The era of structured products is coming to an end. These are financial instruments that have different payouts, like derivatives, based on different outcomes. They are different from derivatives in that they are built like bonds. One of the biggest short coming of these is their lack of a large secondary trading market before maturity. That is, if you try to sell one before its maturity date, you might get what the financial industry calls a “haircut”. In finance this is commonly referred to as liquidity risk.
The good news is, liquidity risk doesn’t have to exist. With blockchain, the new ledger for tracking financial transactions based on hash mining and communal validation, you can structure any number of payment scenarios and not be concerned about the ability to carry these out before a certain date.
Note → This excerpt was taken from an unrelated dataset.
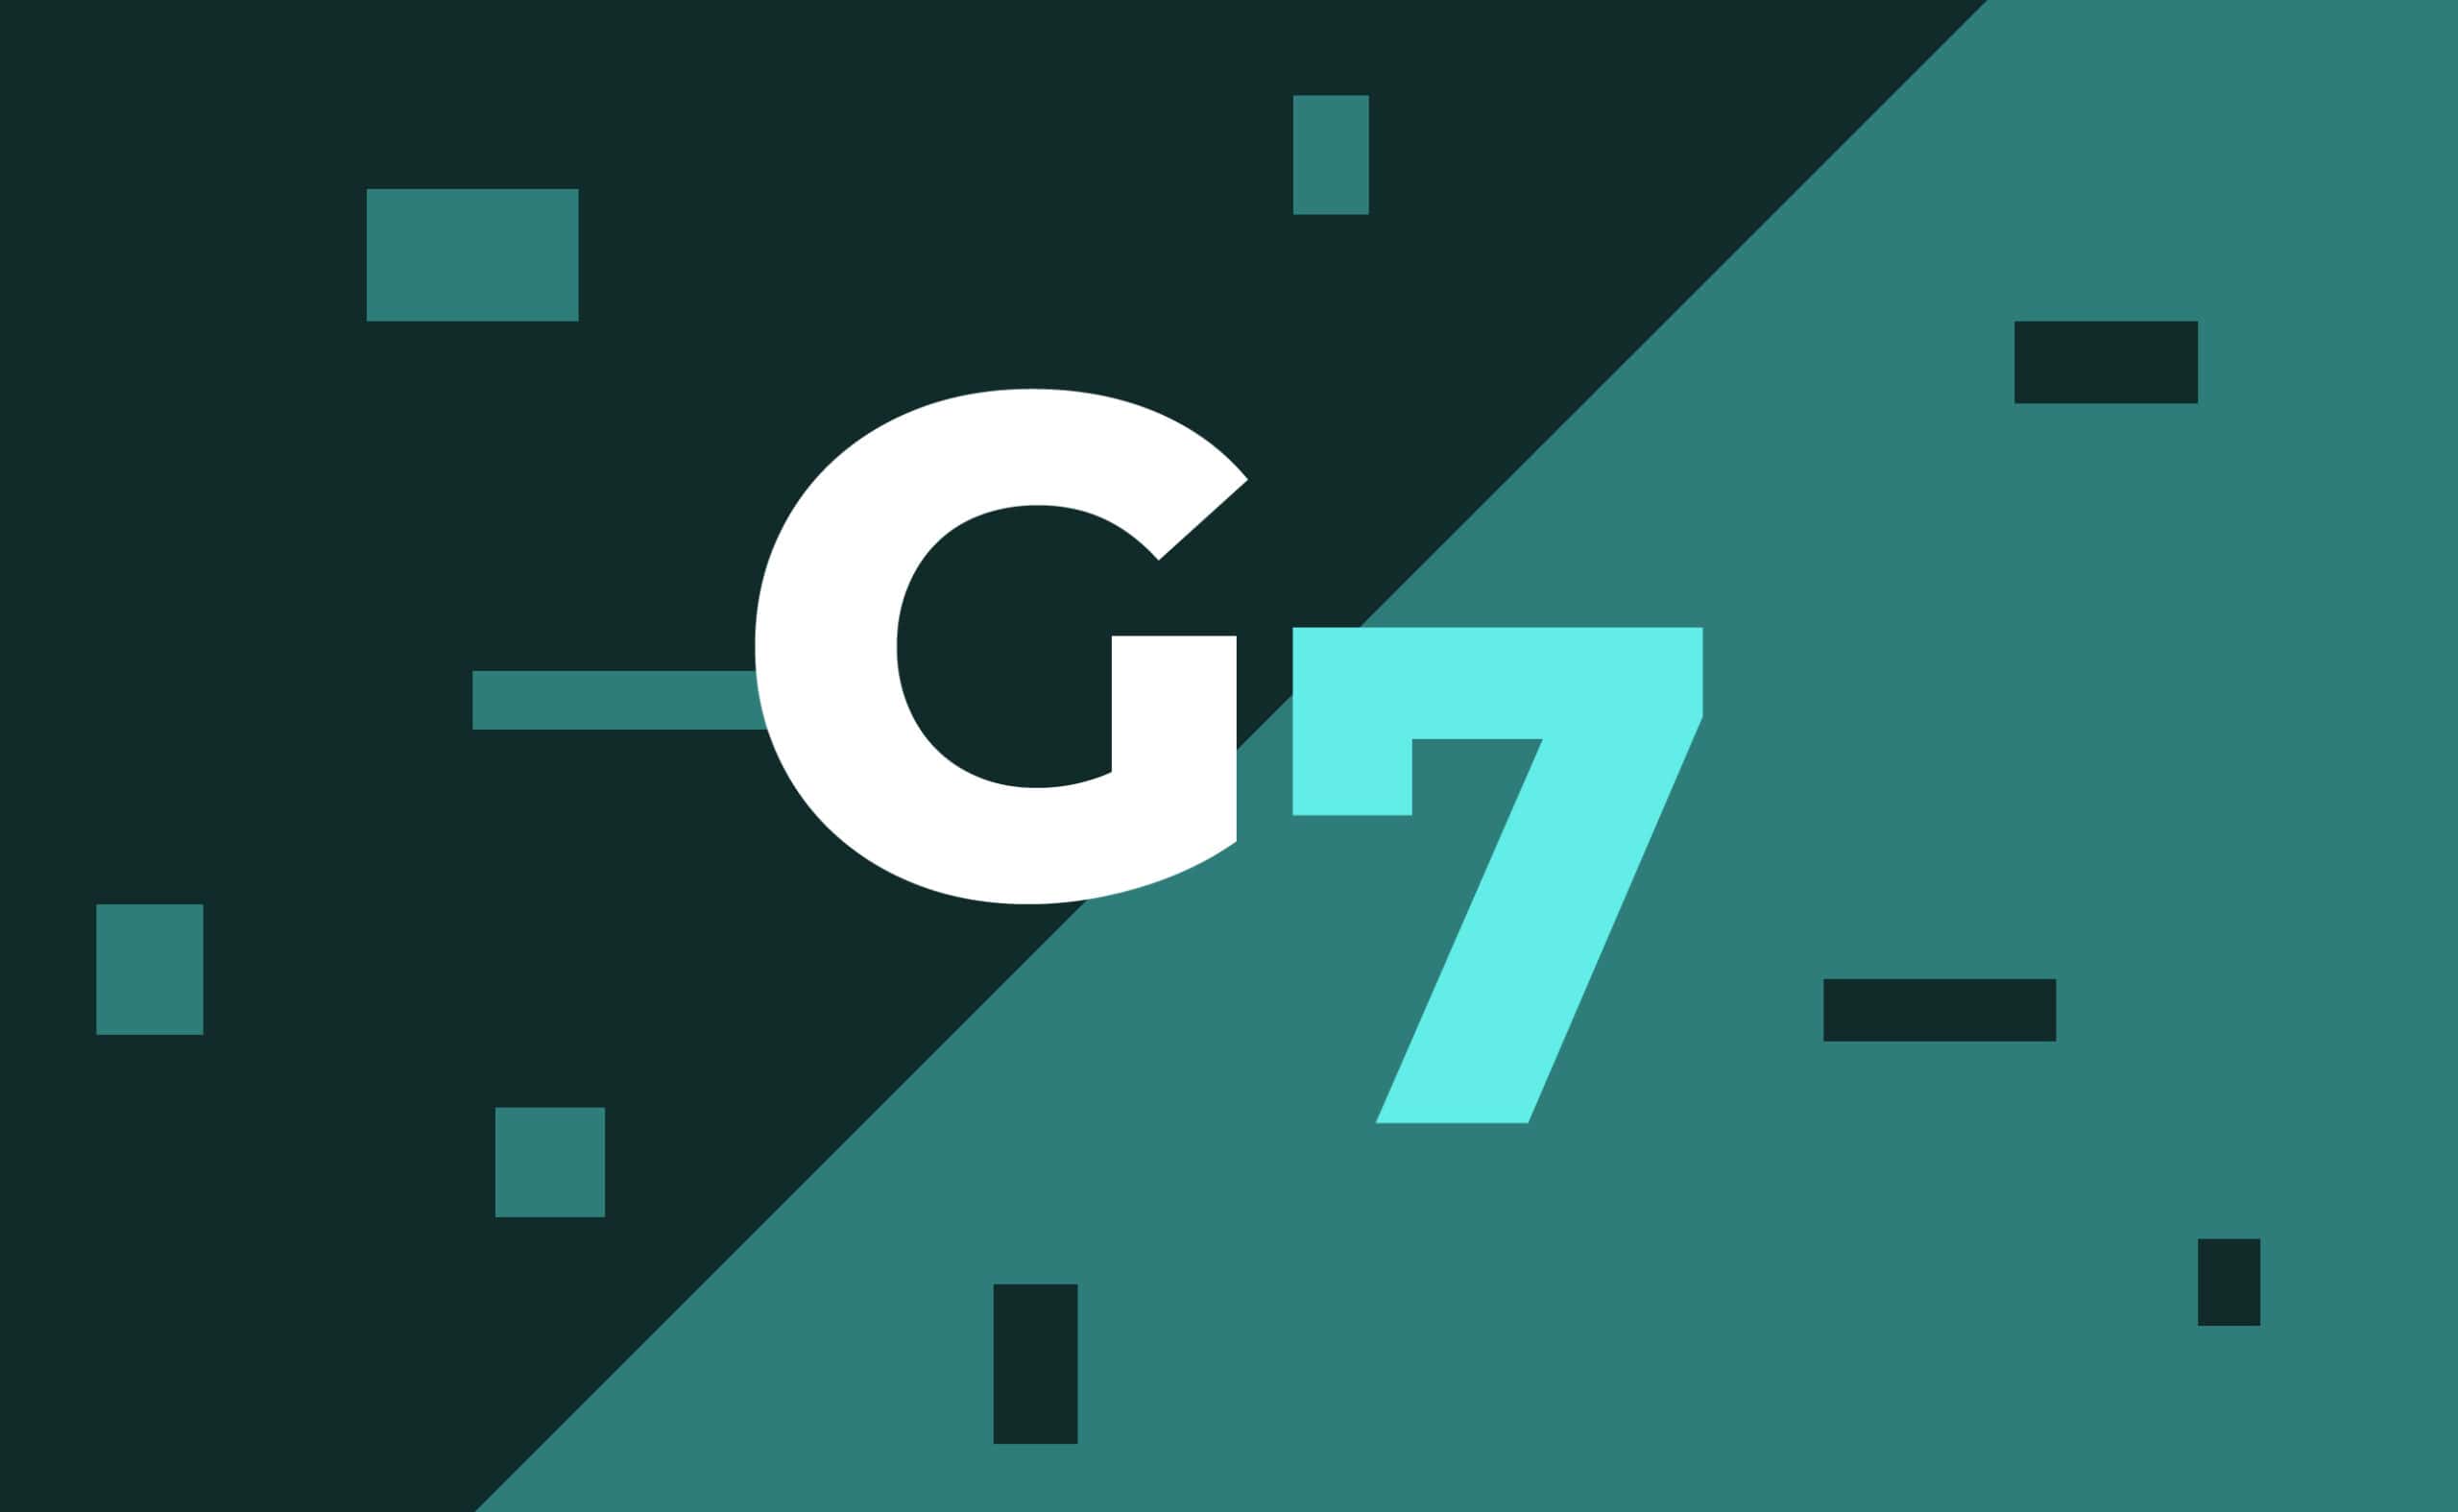 Страны G7 представят проект глобальной нормативной базы в сфере криптовалют к июлю этого года. Заглавный коллаж новости.

Why is that? It sounds too good to be true. Well, for one, you don’t need to structure a customized derivative product like a bond. It can truly be a weighted sum of the underlying positions and it can be valued, or marked to market, as often as those positions are. You might wonder if this is not the same as an exchange traded fund (ETF). It’s not because even these funds cannot possibly track the underlying investments perfectly, for many reasons including their need to constantly rebalance their holdings to match the target weightings.
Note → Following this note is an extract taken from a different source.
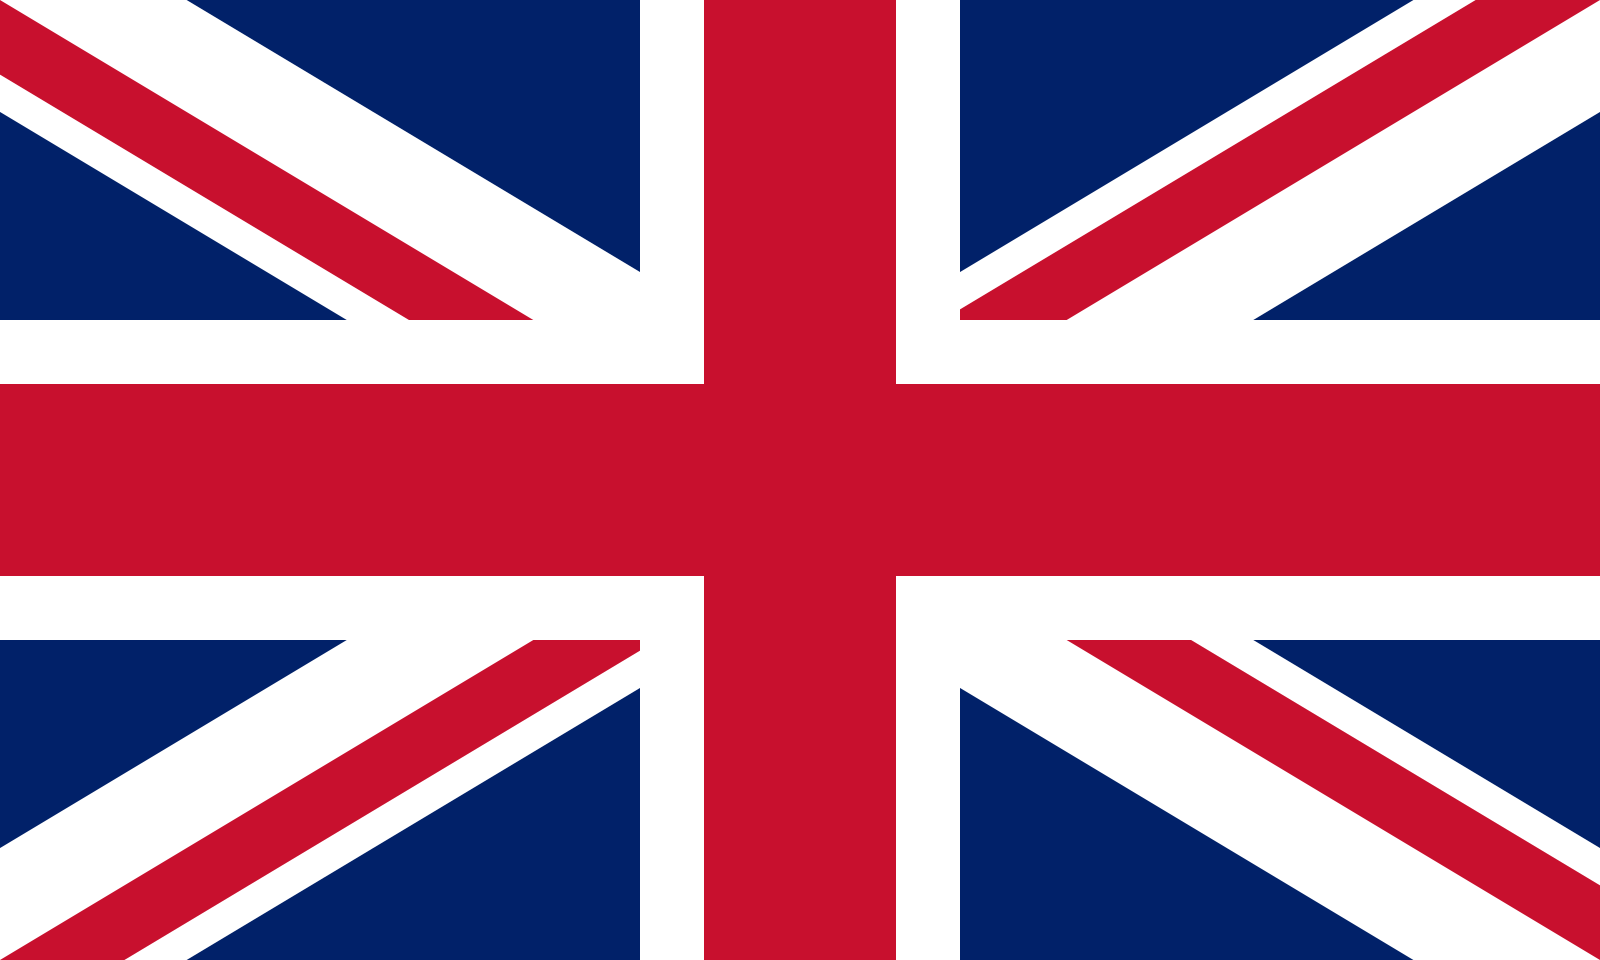 British Accent

So if blockchain is so great, why can’t all securities trade as blockchain entries – a sort of ecosystem of crypto currencies each representing a company or an expected financial outcome? They can! In fact, blockchain based exchanges for securities already exist and in contrast to the dark trading pools you might have read about, they are transparent and subject to communal validation.
So why does this mean structured products are going away? Because blockchain provides a method for creating guaranteed payouts linked to predicted outcomes without the cost of bundling the transactions into a bond. This lowers transaction costs dramatically and also expands the possibilities for complex derivatives.
Many structured products will pay a multiple of the change in the underlying security IF and only IF, that security is above or below a certain threshold. Even setting this simple chain of events up into a bond is not simple. Usually there are various banks involved – the issuer, the reseller, and the buyers and sellers of the underlying securities. That is, a lot has to go right for this instrument to work the way you want it to. With blockchain, you could create derivatives of infinite complexity – for example based on the logarithm of the change in the underlying security or something even fancier like a polynomial function of four variables, each corresponding to a measurable financial ratio.
Of course the end of structured products will not be overnight, and like other financial instruments that had their heyday pass they will not go gently into the night. But wait and see and you just might own a blockchain based product in the next five years.